Video conferencing has increased exponentially, as have automated valuation models which have made home valuations from a distance possible, unlike before in many cases.

Larger lenders with more advanced capabilities have even been able to use chatbots powered by artificial intelligence (AI) to take on aspects of customer liaison.

What we have seen, is lenders and other market players adopting multiple small adjustments to their technology, or previous lack thereof, which has delivered results greater than the sum of their parts.

As a result, lenders have managed to not only keep their heads above the water, they have also gained a new found respect for the power of technology.

As such, 2021 is set to be a big year for large-scale technology adoption in the mortgage market.


Technology for the future

One key development over the coming years which lenders will have to respond to is the growing use of open-application programme interfaces (APIs).

Tools which are driven by open-APIs will enable lenders and brokers to access customer data quickly and efficiently.

Ultimately, APIs can significantly increase efficiencies and speed by enabling operators to reach decisions quicker and more accurately.

Client-facing technologies have proved their worth, and now it’s time to see what back-office systems can do.

The pandemic has given new value to technology’s place in the industry. But it has primarily accelerated its position through existing software.

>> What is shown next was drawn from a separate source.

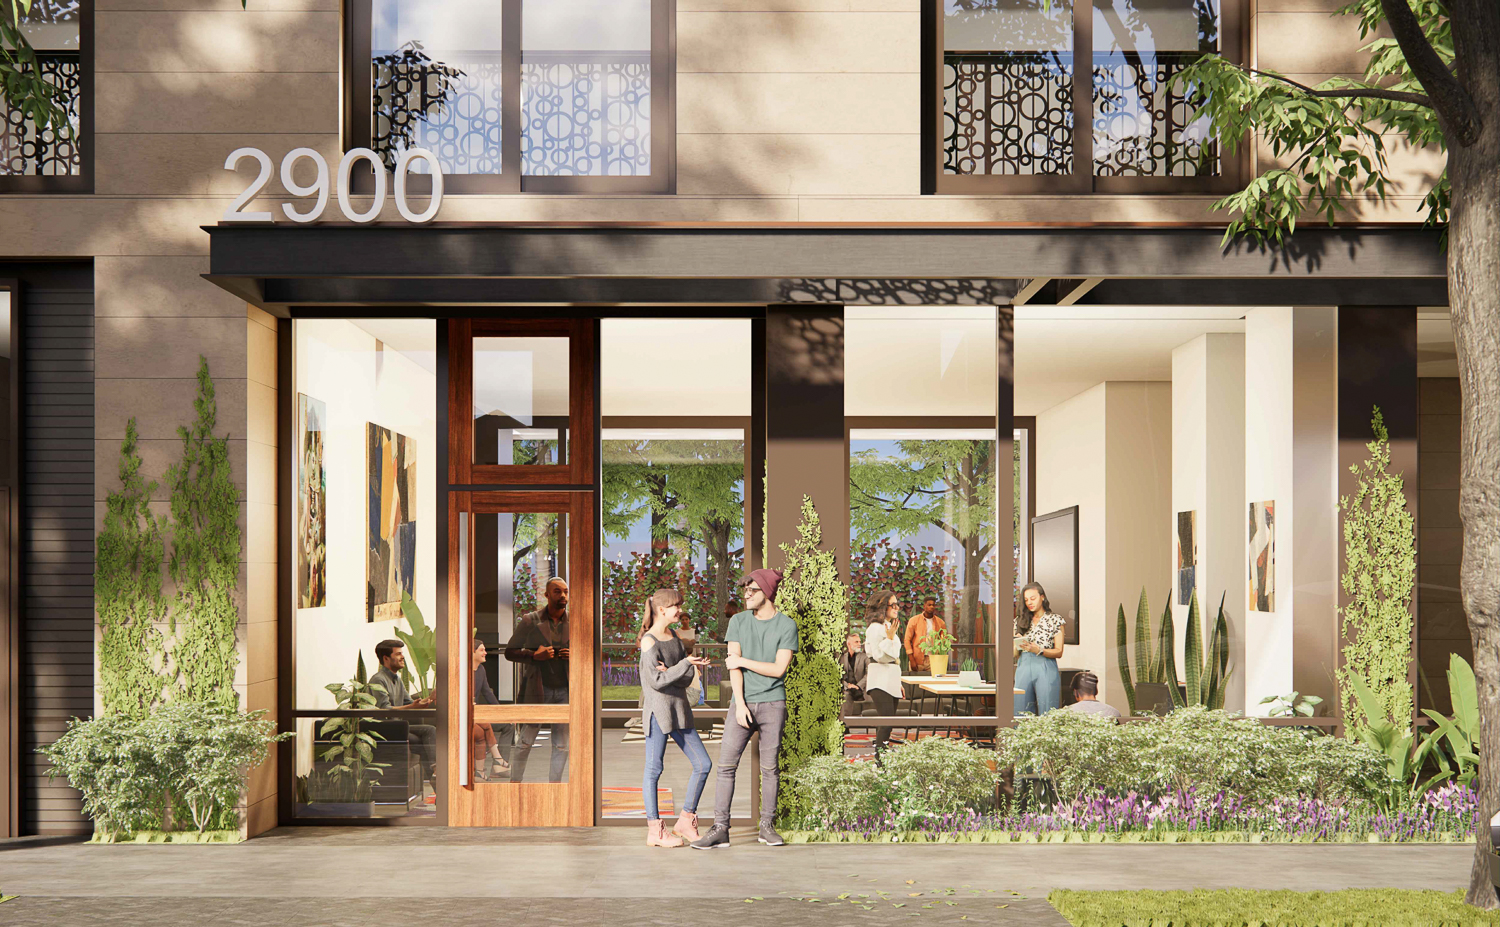 2900 Shattuck Avenue main lobby entry, rendering by Trachtenberg Architects

While it’s true that more industry players are embracing technology such as open-APIs, for many lenders the technology may still be hard to visualise in practice.

The confirmation of a rollout of a Covid-19 vaccine sheds light on the prospect of some return to normal, however it is in 2021 that the economic consequences of the pandemic will be properly realised.

This is why it is more important than ever for lenders to put new technology on their radar and start future-proofing their businesses for an uncertain road ahead.